Advanced Python Training
In Chicago with David Beazley

  • Practical Python Programming
  • Advanced Python Mastery
  • Concurrency and Distributed Systems
  • Click here for more details!

    Mastering Python 3 I/O

    Copyright (C) 2010
    David M. Beazley
    http://www.dabeaz.com

    Presented at PyCon'10, February 17, 2010, Atlanta, Georgia.

    Introduction

    As most Python programmers know, Python 3 breaks backwards compatibility with Python 2 both in syntax and new semantics of built-in operations. One of the most radical changes concerns the ground-up redesign of the I/O system. This tutorial aims to take a tour of the new I/O stack. Topics include text processing, binary data handling, system interfaces, io library module, memory views, and porting advice.

    Support Files

    The following file contains some supporting data files that are used in some of the code samples. There are also some code fragments to experiment with things.
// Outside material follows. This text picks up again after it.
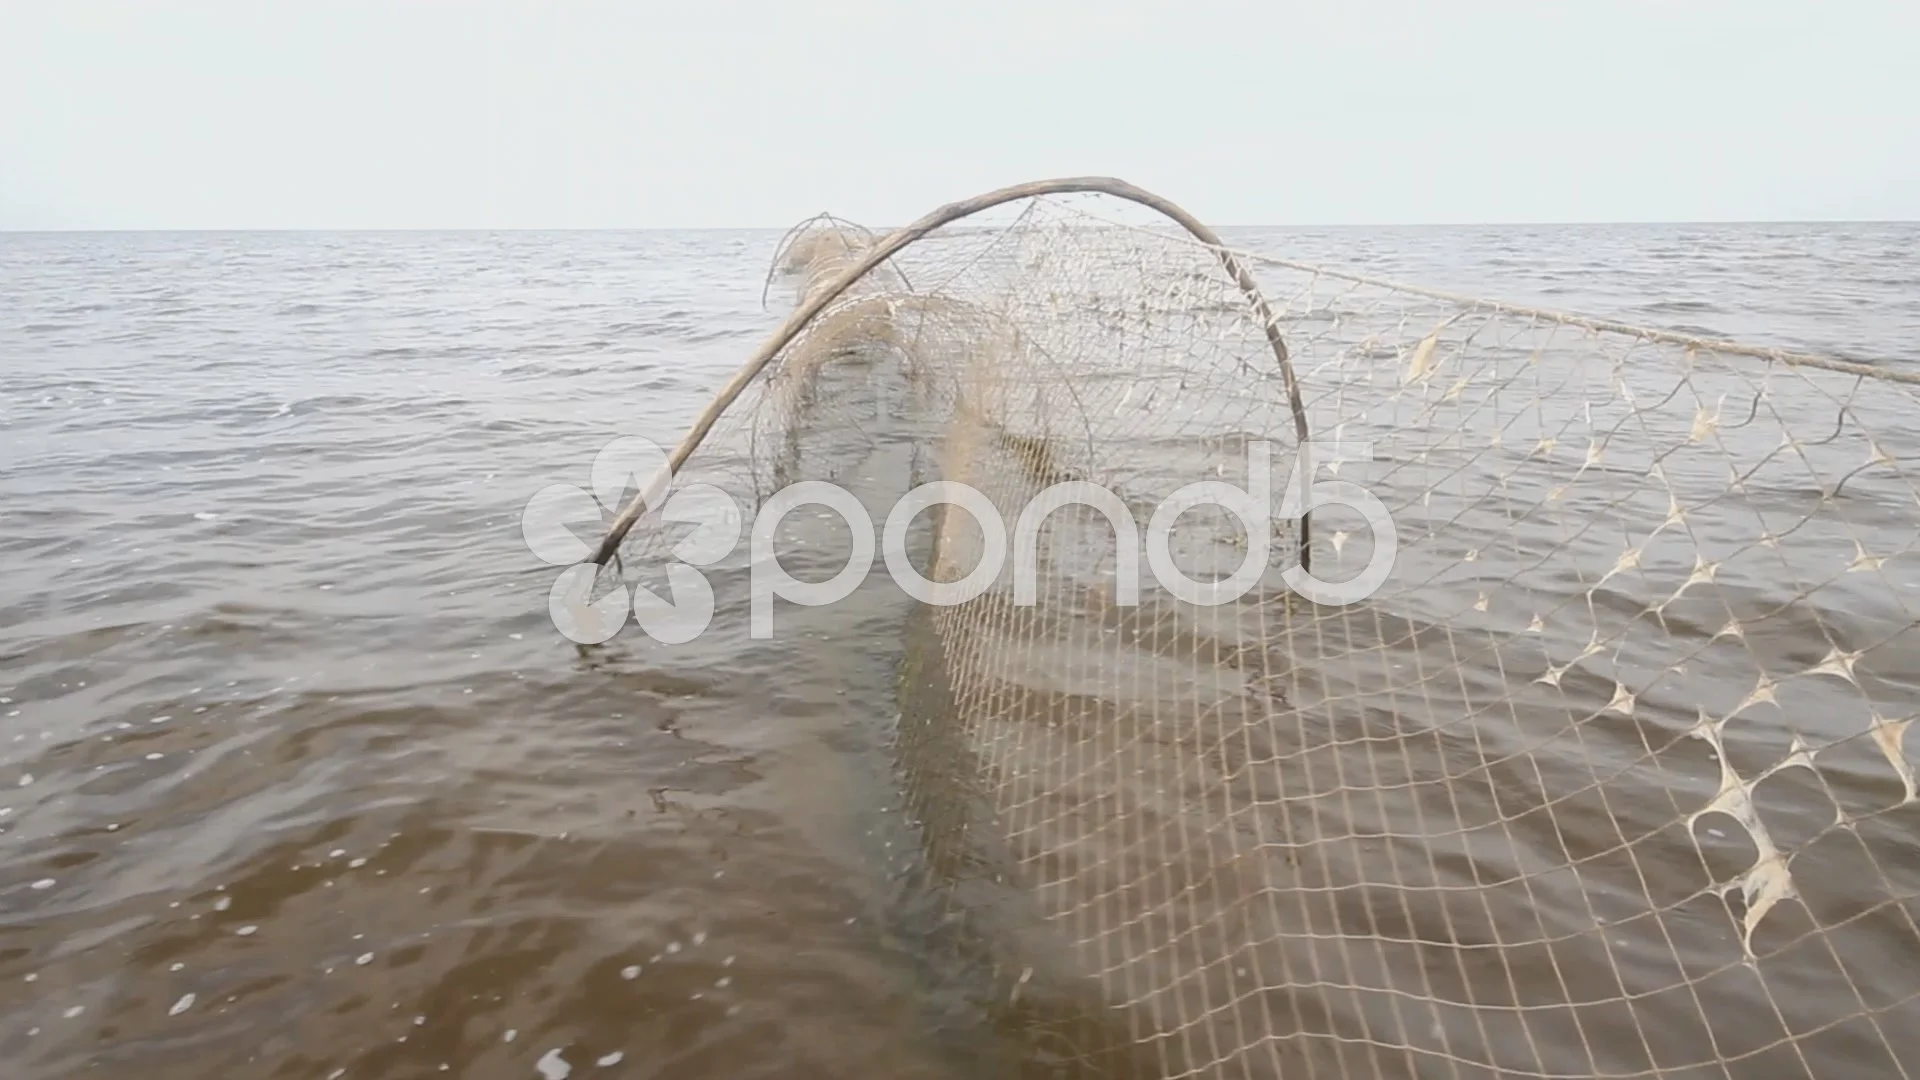 https://images.pond5.com/fishing-net-fish-trap-lake-footage-044650952_prevstill.jpeg

This download also includes all of the code samples that follow below.

    Code Samples

    Here are various code samples that you can use to try things things out during the course. They're presented in the same order as presentation slides.

    Preliminaries:

    • timethis.py. A utility function for making performance measurements. Used in many of the code samples that follow.

    Part 1 : Introducting Python 3

    • printlinks.py. A Python 2 program that simply prints all of the links on a specified HTML page fetched with urlopen(). Try converting this program to Python 3 using 2to3.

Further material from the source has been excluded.